Exercise directions -
For the entries below, copy exactly the line that contains "ผลลัพธ์ที่เกินคาดในการใช้บริการโฆษณา Google Ads" through the line that contains "handgeknüpfter persischer Teppich.", both ends included, and exclude all pictures.

Material to process -
****

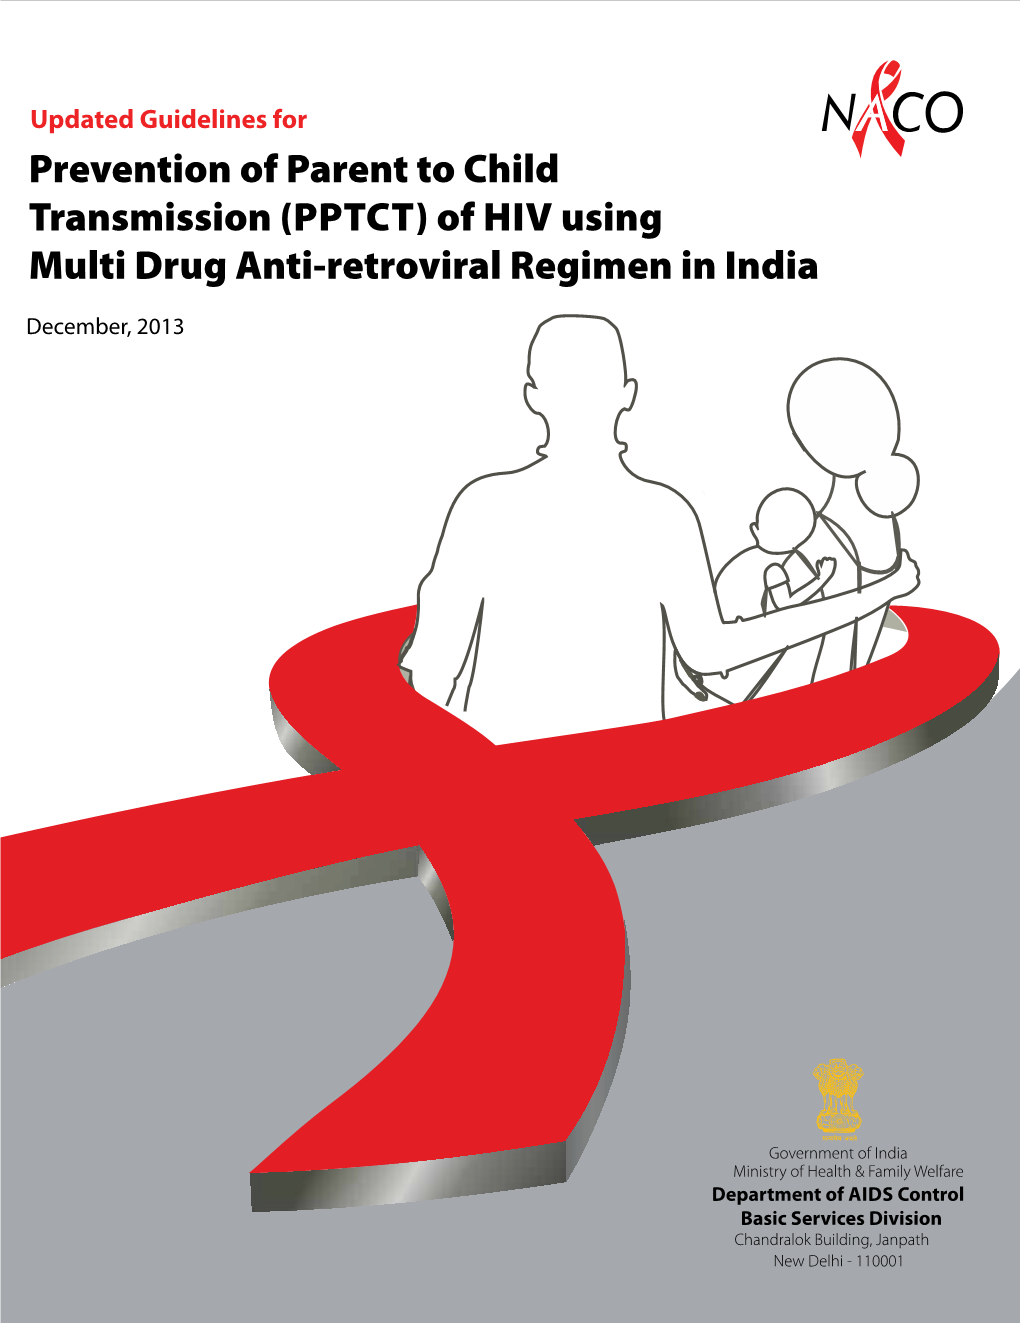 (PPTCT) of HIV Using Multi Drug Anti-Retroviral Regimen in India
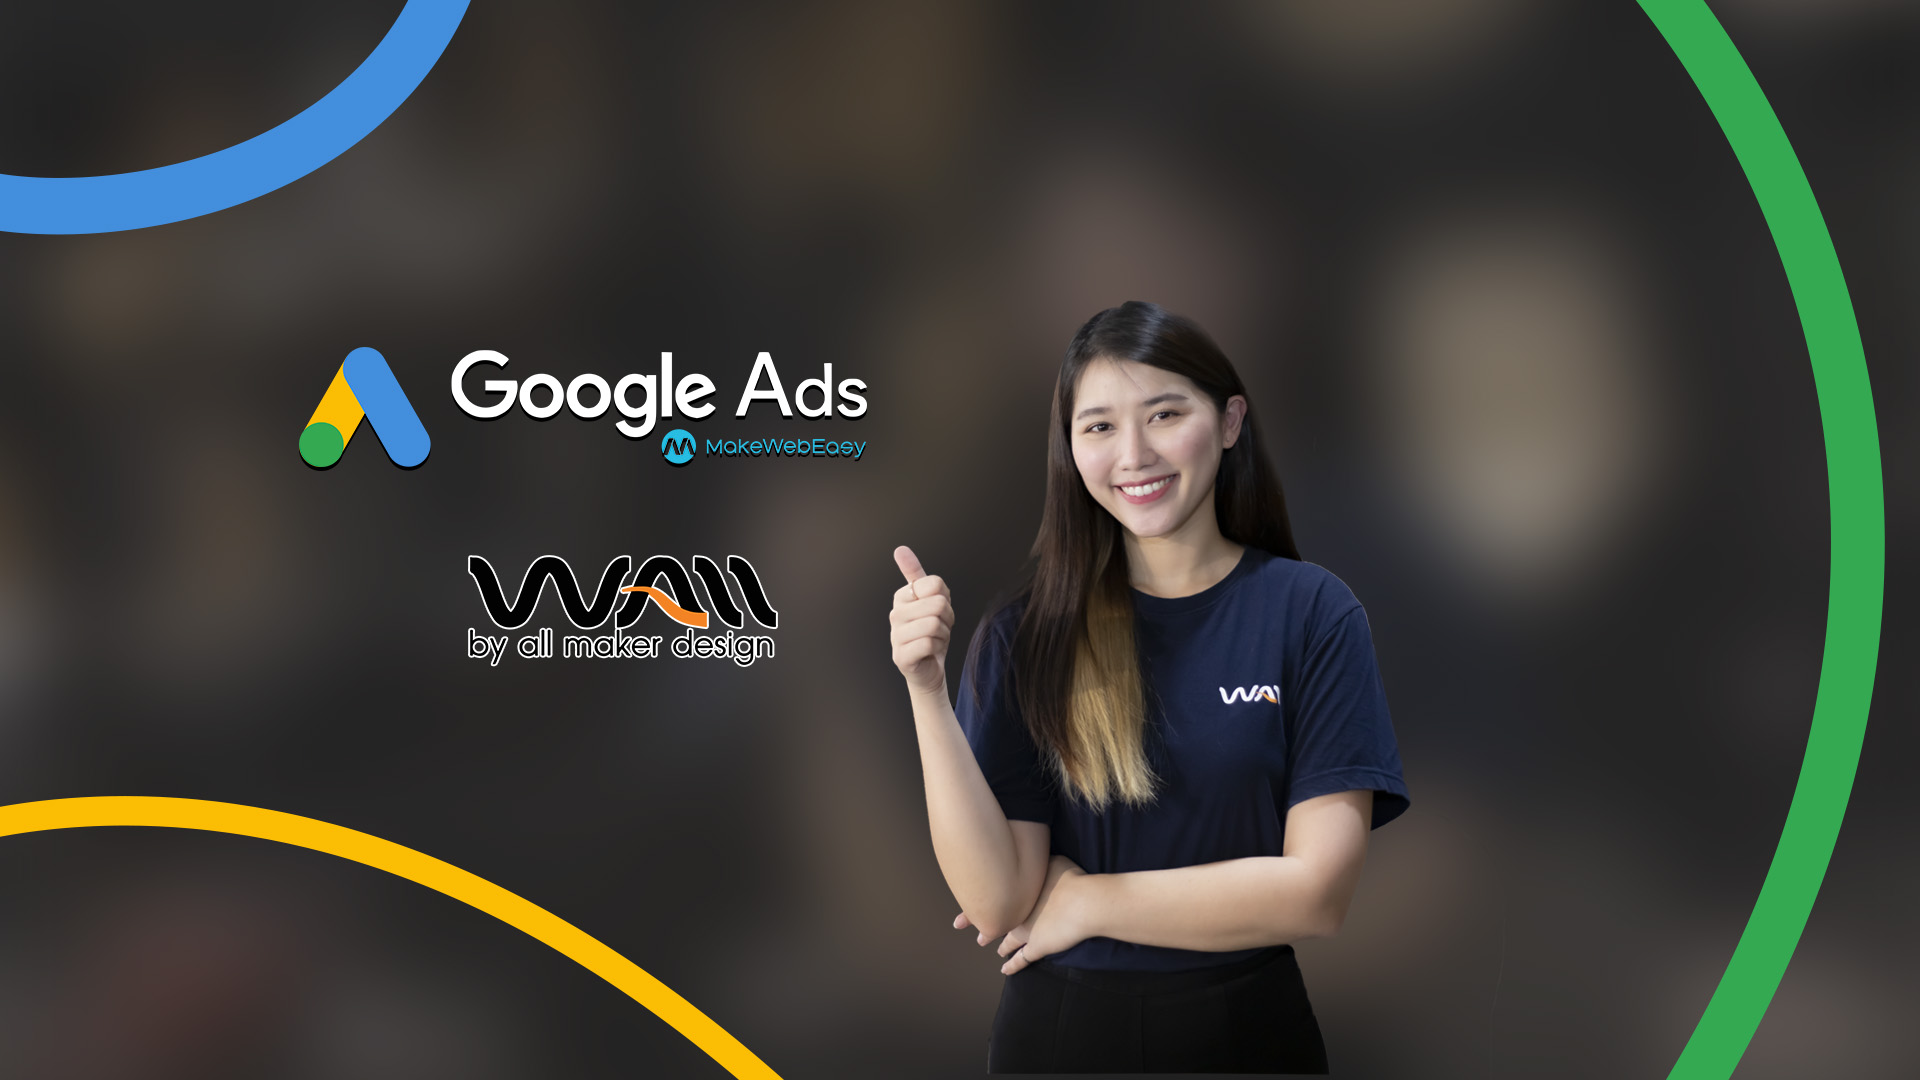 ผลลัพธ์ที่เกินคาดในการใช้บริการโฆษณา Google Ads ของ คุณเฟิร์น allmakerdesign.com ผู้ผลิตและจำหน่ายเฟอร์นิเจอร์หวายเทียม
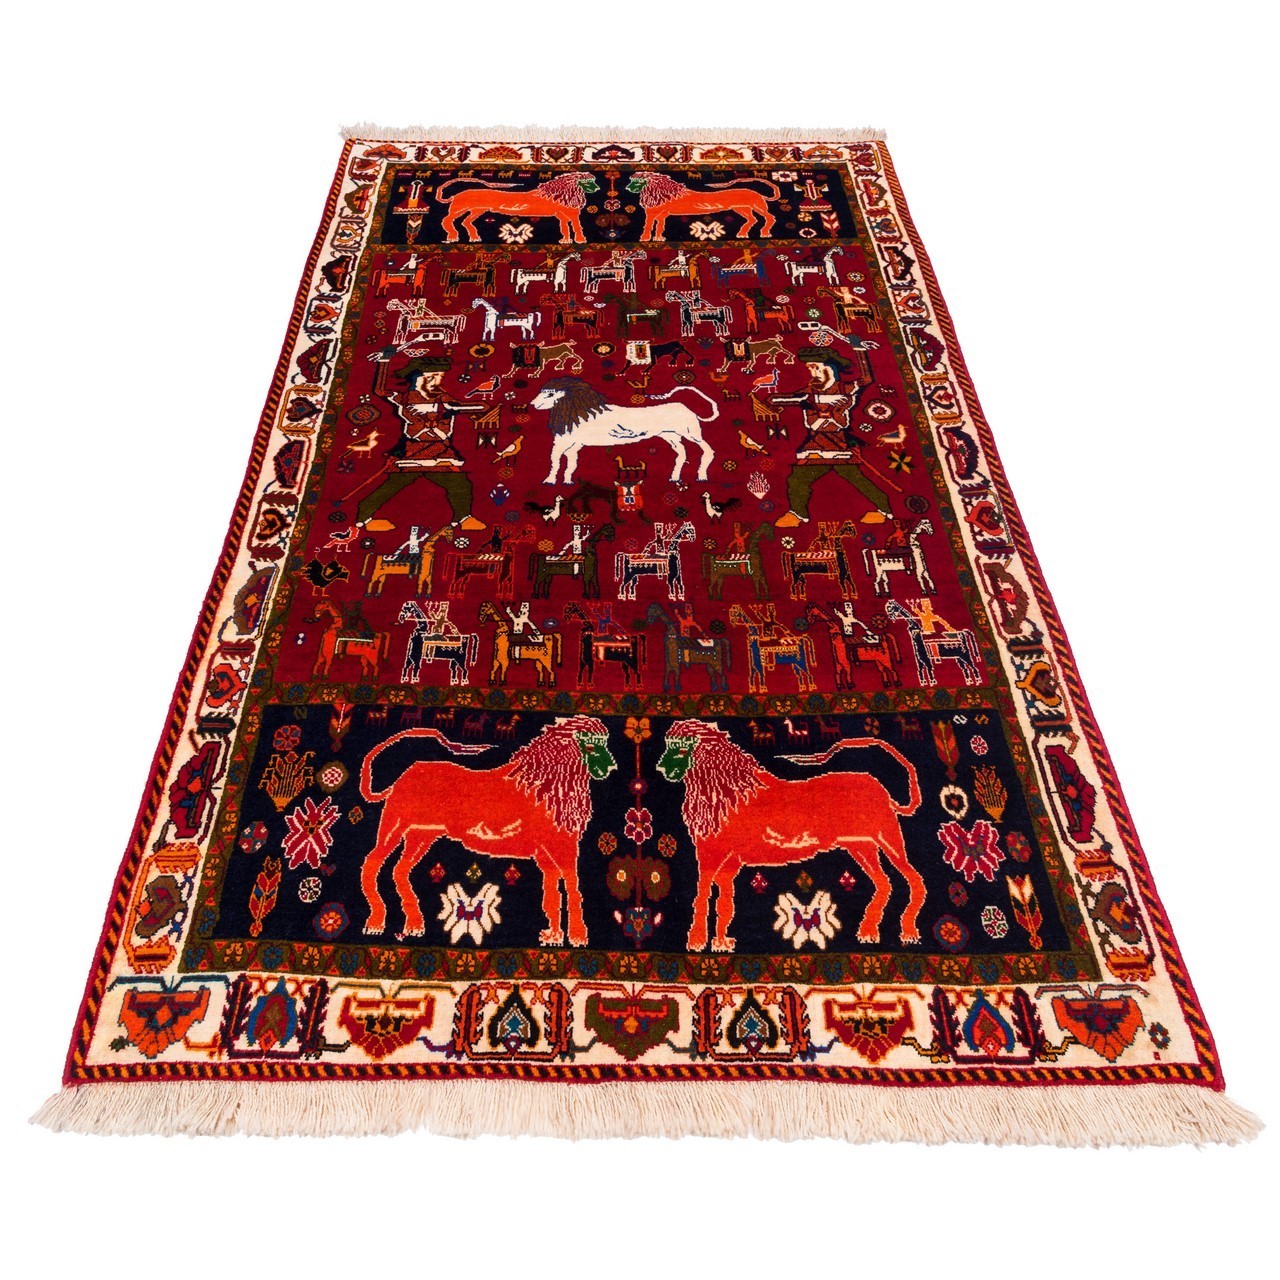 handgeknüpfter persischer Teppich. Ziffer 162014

****

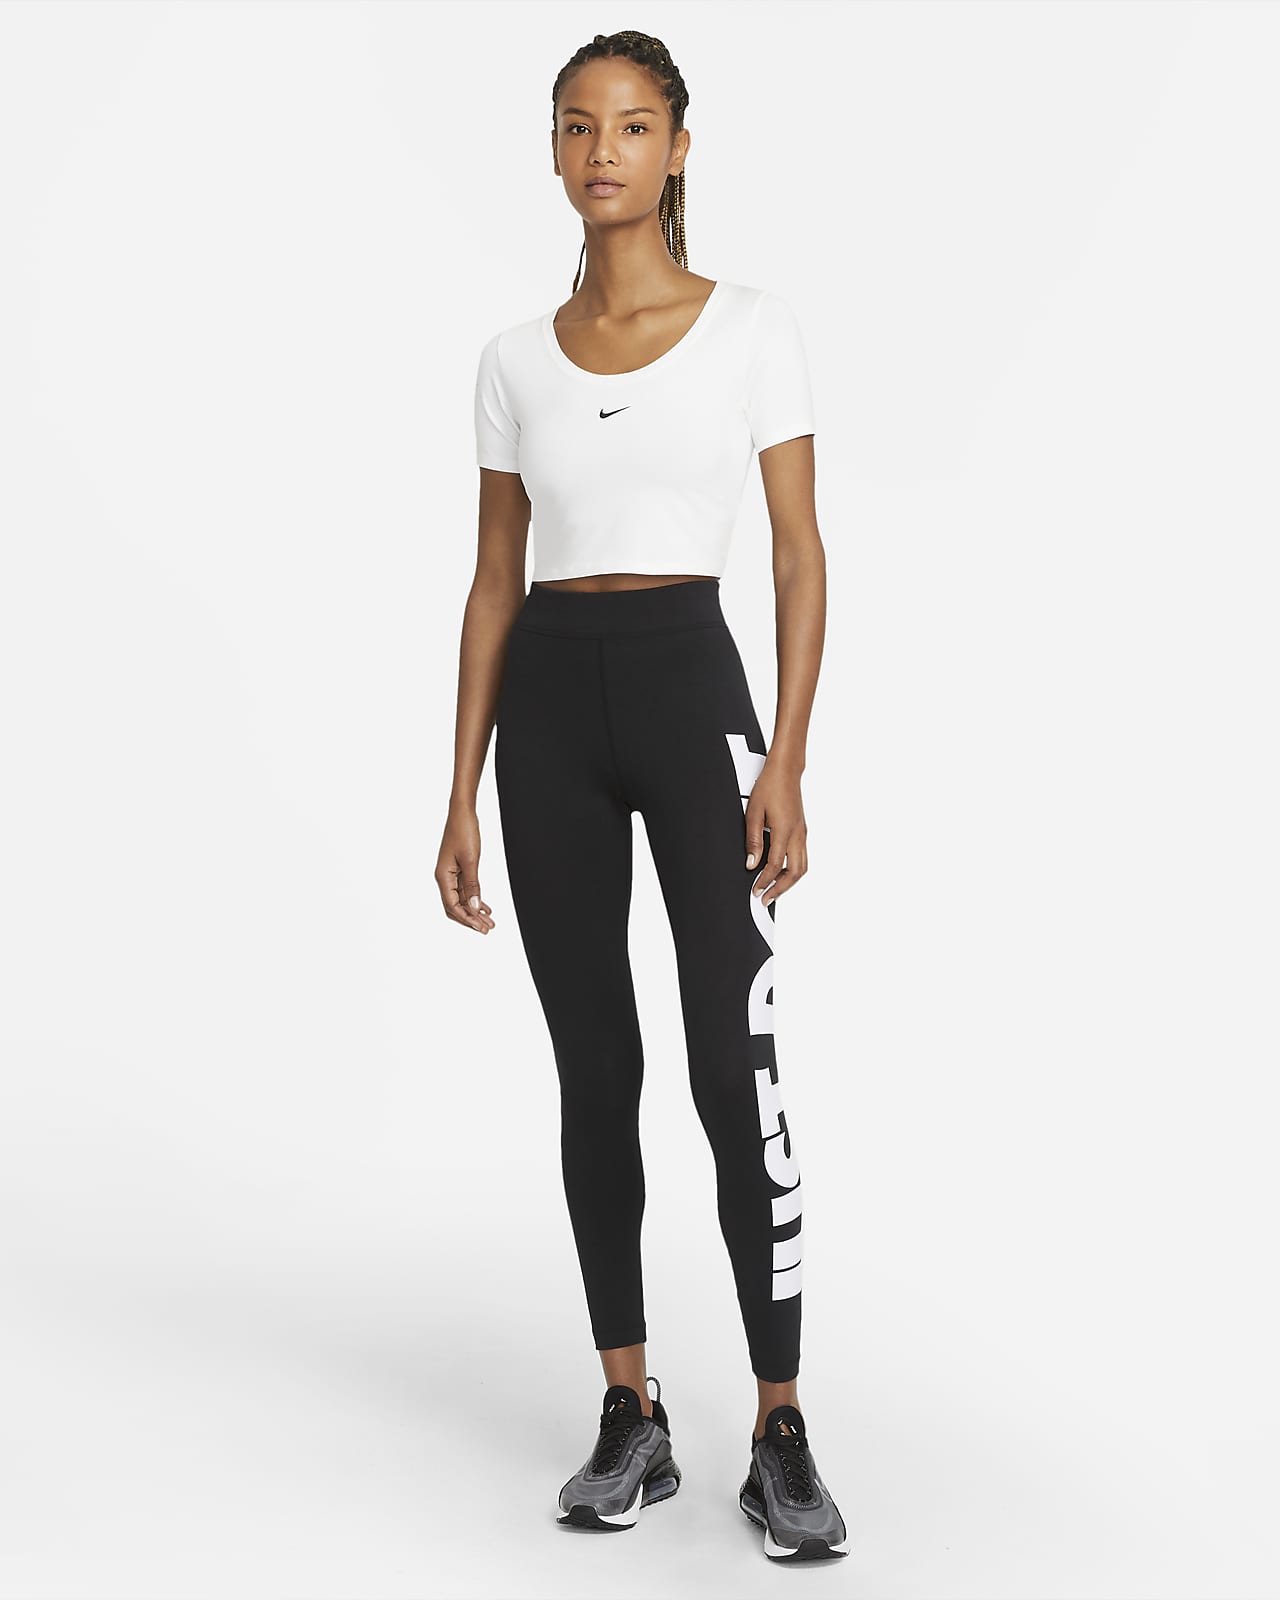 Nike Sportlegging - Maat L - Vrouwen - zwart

****

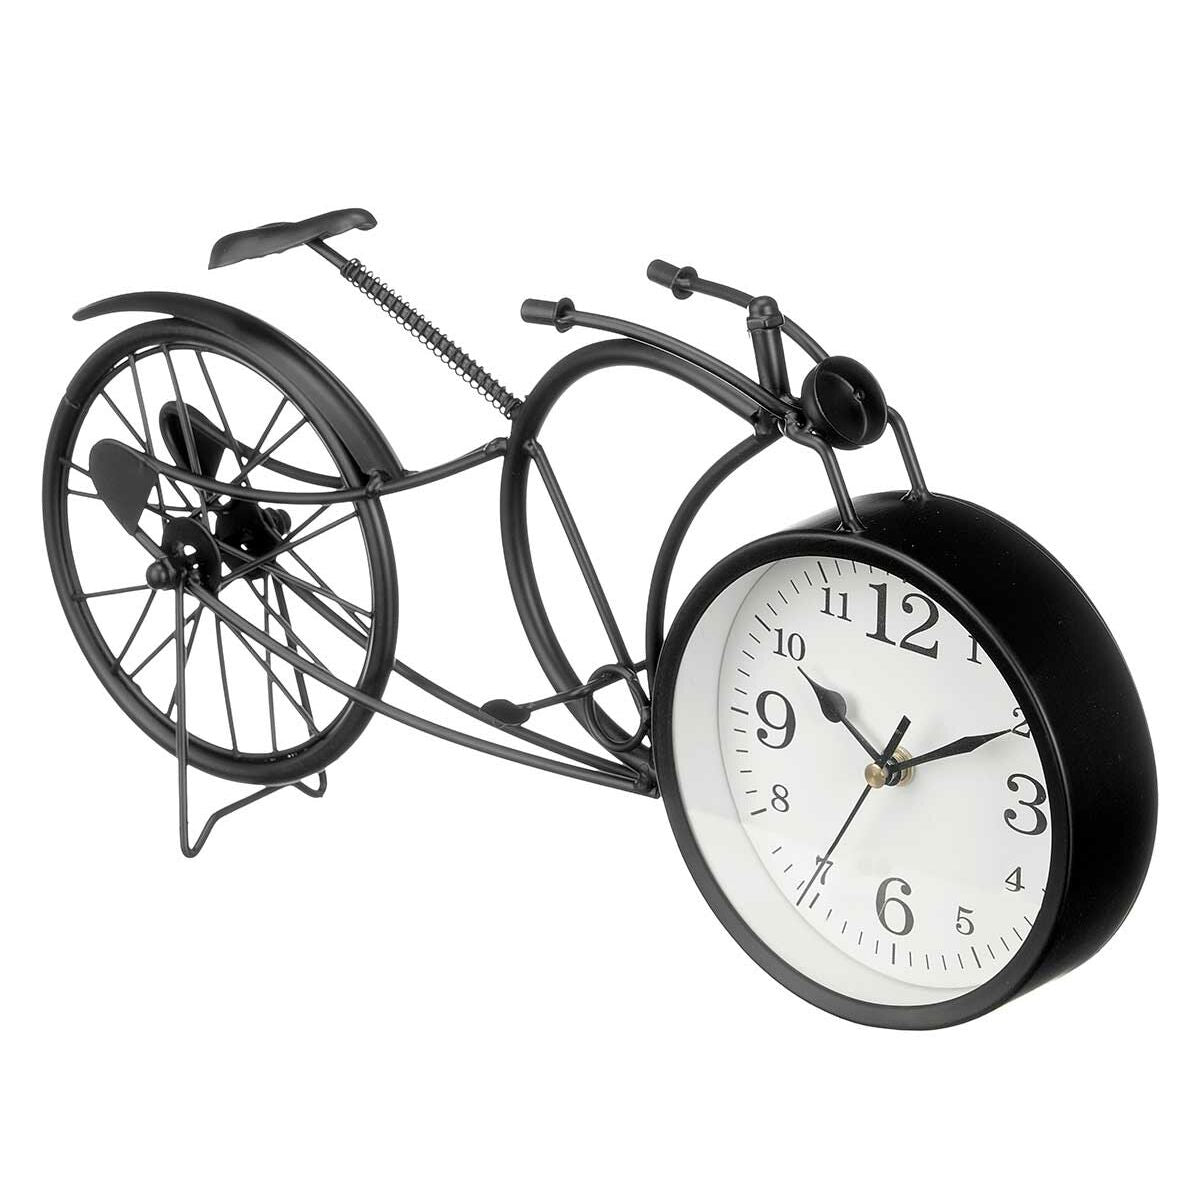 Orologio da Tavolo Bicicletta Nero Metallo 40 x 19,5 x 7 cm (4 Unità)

****

Answer for the task -
 ผลลัพธ์ที่เกินคาดในการใช้บริการโฆษณา Google Ads ของ คุณเฟิร์น allmakerdesign.com ผู้ผลิตและจำหน่ายเฟอร์นิเจอร์หวายเทียม
 handgeknüpfter persischer Teppich. Ziffer 162014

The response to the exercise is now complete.